# Pista de Ski de Loriga e outras



## amarusp (14 Fev 2009 às 14:17)

Deixo-vos fotografias tiradas em 14-02-2009(hoje) da Estância de Sky de Loriga, Garganta de Loriga e Lagoa Comprida respectivamente.


----------



## Aristocrata (14 Fev 2009 às 14:30)

*Re: Estância de Sky de Loriga e outras*

Na "mouche"!
Se há imagens consoladoras estas são daquelas que nos dão prazer em ver o lado positivo da neve em portugal.
Quantas pessoas a divertir-se nesse manto branco...fantástico!
O tempo ajuda e de que maneira; boas condições climatéricas no dia de hoje, boa visibilidade.
Parabéns.
P.S.:não é estância de "sky" (céu literalmente) mas de esqui (ou ski somente) - nada que tire a beleza das tuas imagens...


----------



## ALBIMETEO (14 Fev 2009 às 14:31)

*Re: Estância de Sky de Loriga e outras*

Belas fotos amarusp,hoje deve estar um dia bom lá em cima para a prática dos desportos de inverno juntamente com a confusão.


----------



## Z13 (14 Fev 2009 às 15:08)

*Re: Estância de Sky de Loriga e outras*

Grandes fotos!!!!

Viva a neve!!!






z z z z z z z z z z z z z


----------



## ACalado (14 Fev 2009 às 15:51)

*Re: Estância de Sky de Loriga e outras*

Boas fotos sem dúvida  peço desculpa mas volto a insistir num tema que já foi debatido por aqui mas pelos vistos o erro continua a subsistir visto que as pistas de esqui não se chamam "Pistas de Esqui de Loriga ou Estância de esqui de Loriga" mas sim Estância de Ski Vodafone 2000m ora vejamos :

"A Estância de Esqui Vodafone está localizada próxima à Torre, o ponto mais elevado de Portugal continental, no município de Seia, em meio ao Parque Natural da Serra da Estrela, a uma altitude aproximada de 2.000 metros, no ponto mais elevado."
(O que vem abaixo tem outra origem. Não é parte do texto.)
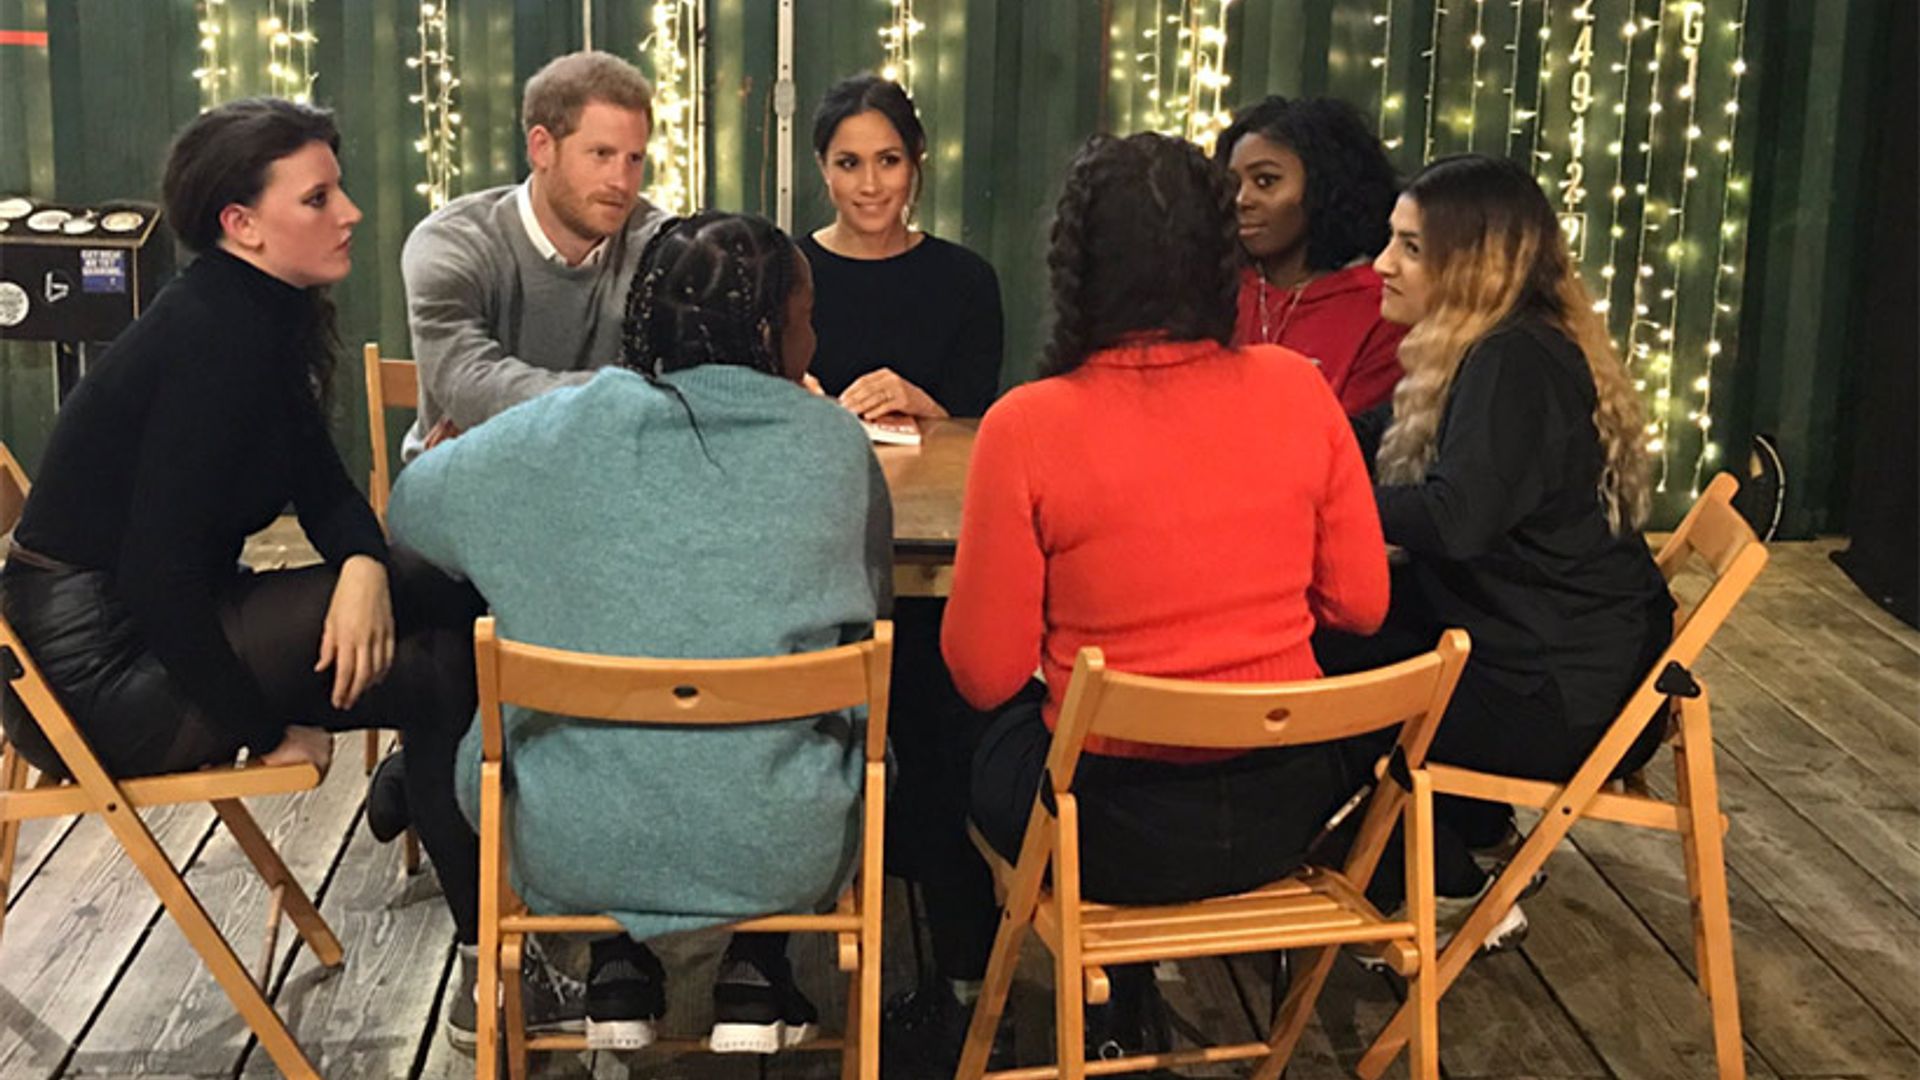 Prince Harry and Meghan Markle's second joint engagement in Brixton: all the photos
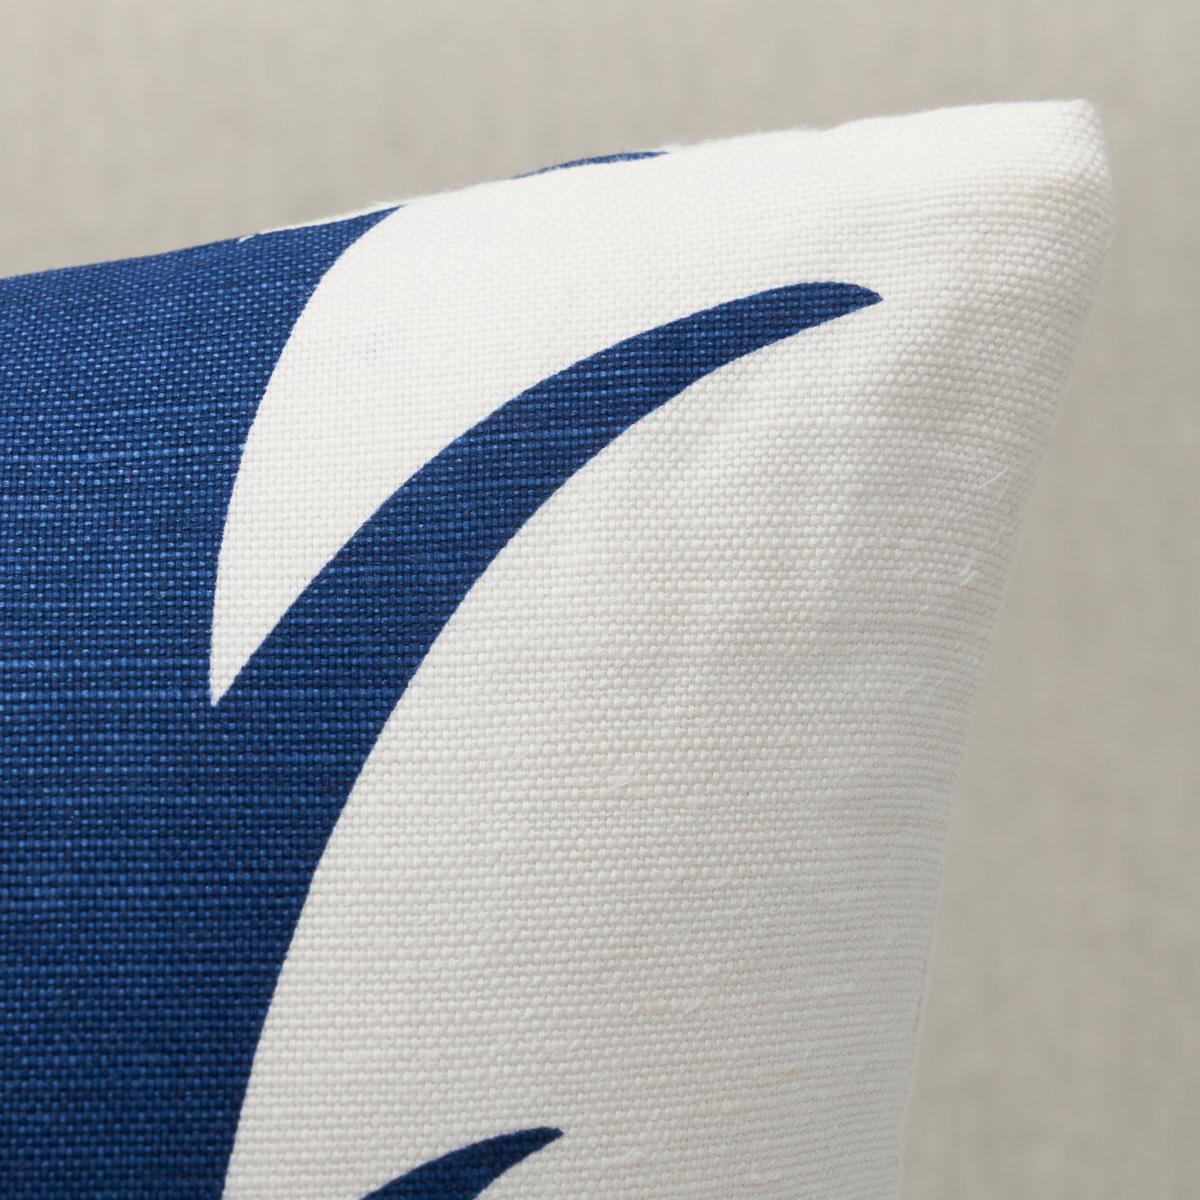 This pillow features Acanthus Stripe by Celerie Kemble for Schumacher with a knife edge finish. This pattern is a stylized stripe based on a classic acanthus motif. Elegant and airy, Acanthus Stripe in navy is also incredibly easy to use. Pillow

O facto de pertencer a freguesia de Loriga não podemos autodesignar Estância Ski de Loriga senão vejamos:






Loriga ainda fica a uns bons quilómetros das ditas Pistas


"Penhas da Saúde é uma localidade no município da Covilhã, Portugal. Esta aldeia de montanha está localizada no coração da Serra da Estrela, agraciada com um belo cenário montanhoso, a uma altitude de 1.500 metros. É principalmente um resort de inverno."

Como todos sabemos antigamente existiam umas pistas nas Penhas da Sáude e com certeza não se chamavam pistas de esqui da Covilhã por estas pertencerem ao município da Covilhã mas sim pistas de esqui dos Piornos....








Vejamos outro caso:


http://www.skiparque.pt/index1.html


Embora fiquem na Localidade de Manteigas mais concretamente no Sameiro não se chamam Pistas de esqui de Manteigas mas sim Skiparque.....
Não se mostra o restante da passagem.